In the months that have followed, both Ayanbadejo and Kluwe have become even more active in the fight for equality, from making robocalls to Illinois residents, to co-filing an amicus brief with the Supreme Court on the challenge to California’s Prop 8, to marching in gay pride parades this spring. Their vocal activism, as well as NBA center Jason Collins’s coming out -- he’s the first male athlete active in one of the big four professional sports to do so -- are hopeful signs of change in the culture of pro sports. Ayanbadejo, 36, won a Super Bowl this winter, before both men were released by their respective teams. Kluwe, 31, fought for and secured a roster spot on the Oakland Raiders this May; Ayanbadejo will graduate with an MBA from George Washington University this summer and is actively considering new career options. The two men spoke with Amy K. Nelson about their roles as straight allies, whether their activism is translating to actionable items, how their worlds have changed now that they’re ambassadors to the LGBT community, and what needs to happen next.
Amy K. Nelson: We’re three straight people talking about LGBT issues. I mention this because both of you have been huge faces for your portion of the straight athlete ally movement. You obviously interact with so many people in the LGBT community. What has it been like for you now that you’re more ensconced in this world?
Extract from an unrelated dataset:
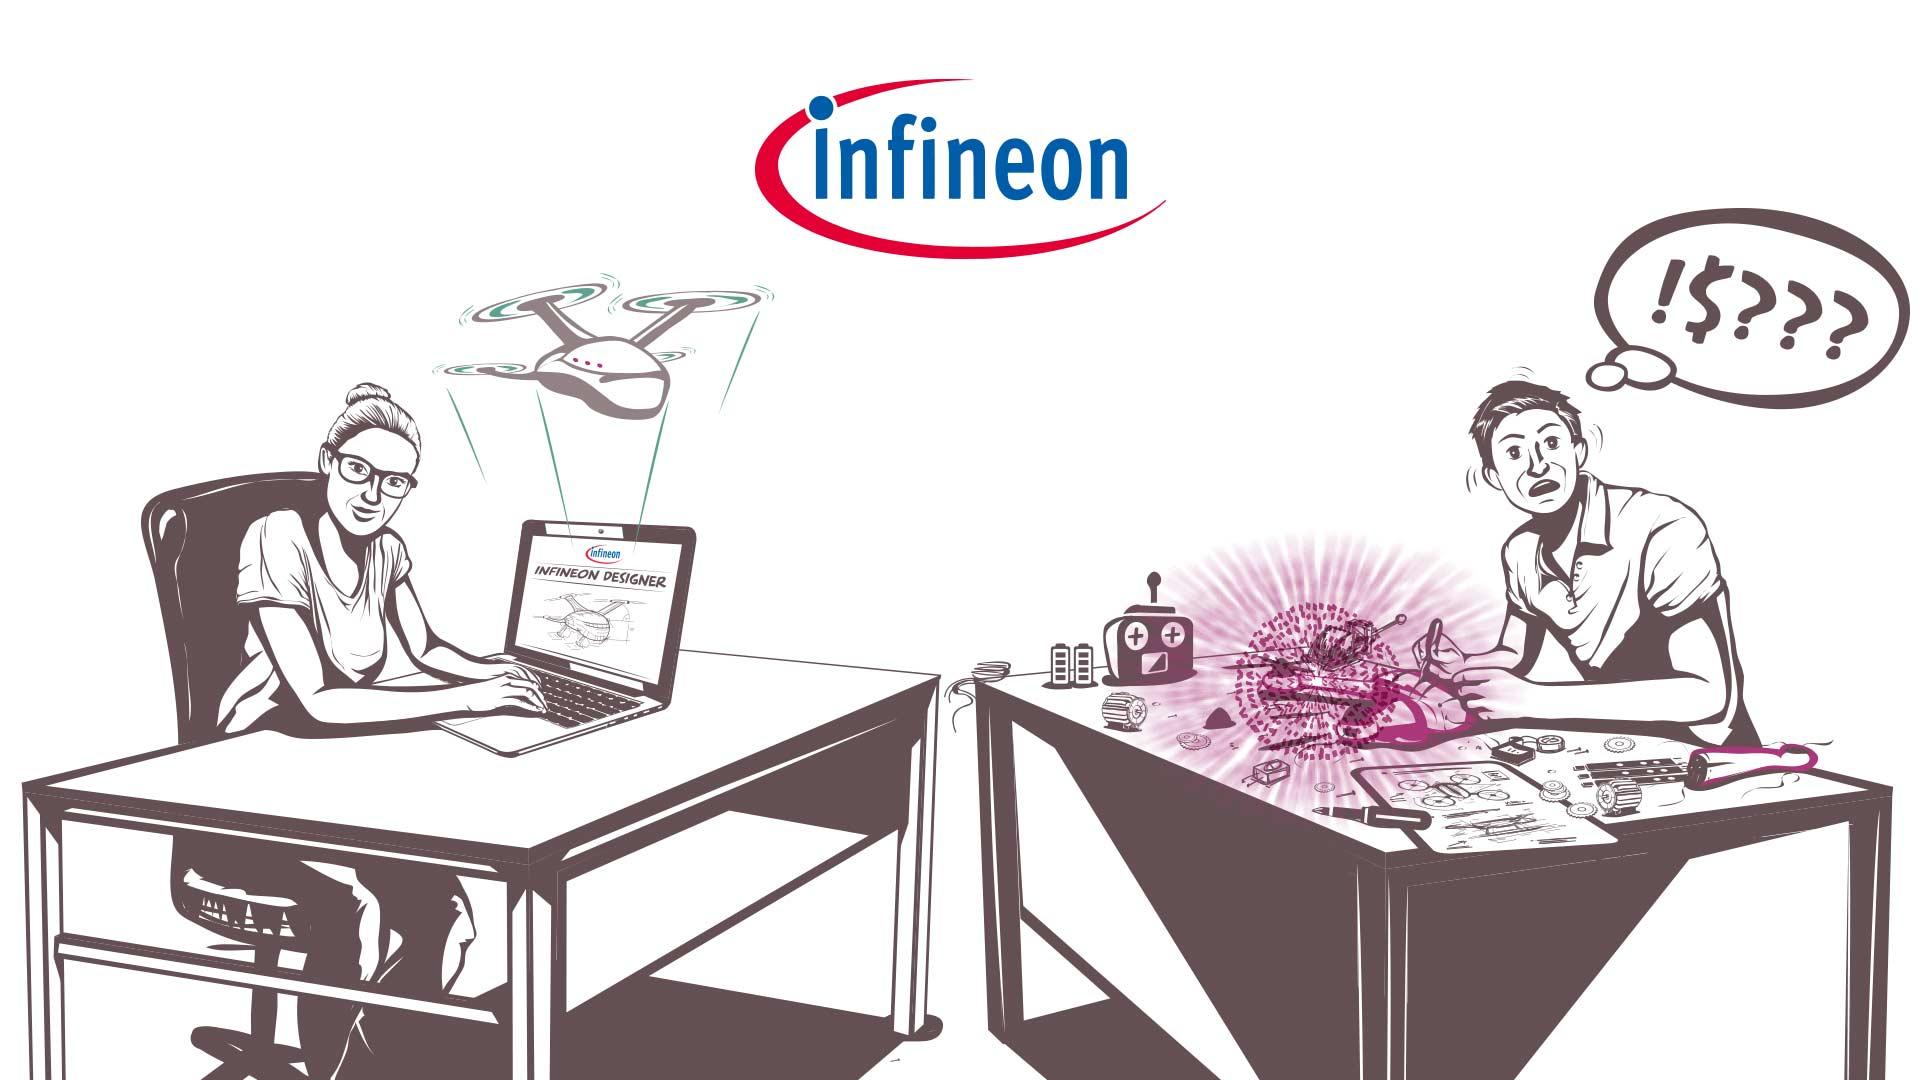 Infineon Designer

Chris Kluwe: For me, it’s mainly been people coming up and saying, “Thank you; thank you for speaking out, thank you for having a voice.” While I’m grateful for that, it’s also kind of depressing, that someone has to thank someone else for speaking out for their essential human rights. I mean, gay people are people just like anybody else… There are great people in the LGBTQ community and there are bad people in the LGBTQ community, just like there are great people and bad people everywhere else. It’s humanity.
Brendon Ayanbadejo: I think the coolest thing was [when] a gay couple was getting married in Tahiti and wanted to fly me out there to be at their wedding -- I thought that was awesome. I thought that was a good gesture. Every day on Instagram and Twitter and Facebook, guys ask me to marry them--
AKN: Would you ever take them up on it, Brendon?
CK: Very snappily.
BA: It’s flattering -- of course it’s joking, but the most flattering one is: “This large gay woman would take you any day.” When I get those messages, I kind of like them. I’m always with my wife and I’m like, “Look, other girls do like me.” But I think, at the end of the day, the most special thing is when a mother or a gay person comes up to you and just thanks you and calls you a hero. They say I’m a hero, but I’m just a concerned citizen and I’m just doing the right thing.
I don’t know about Chris, but we’ll see what happens after my photo shoot -- I’ve seen some of Chris’s pictures, and I had a little twinkle in my eye after I saw them. I don’t know, maybe I’ll get some more proposals from more women and gay men.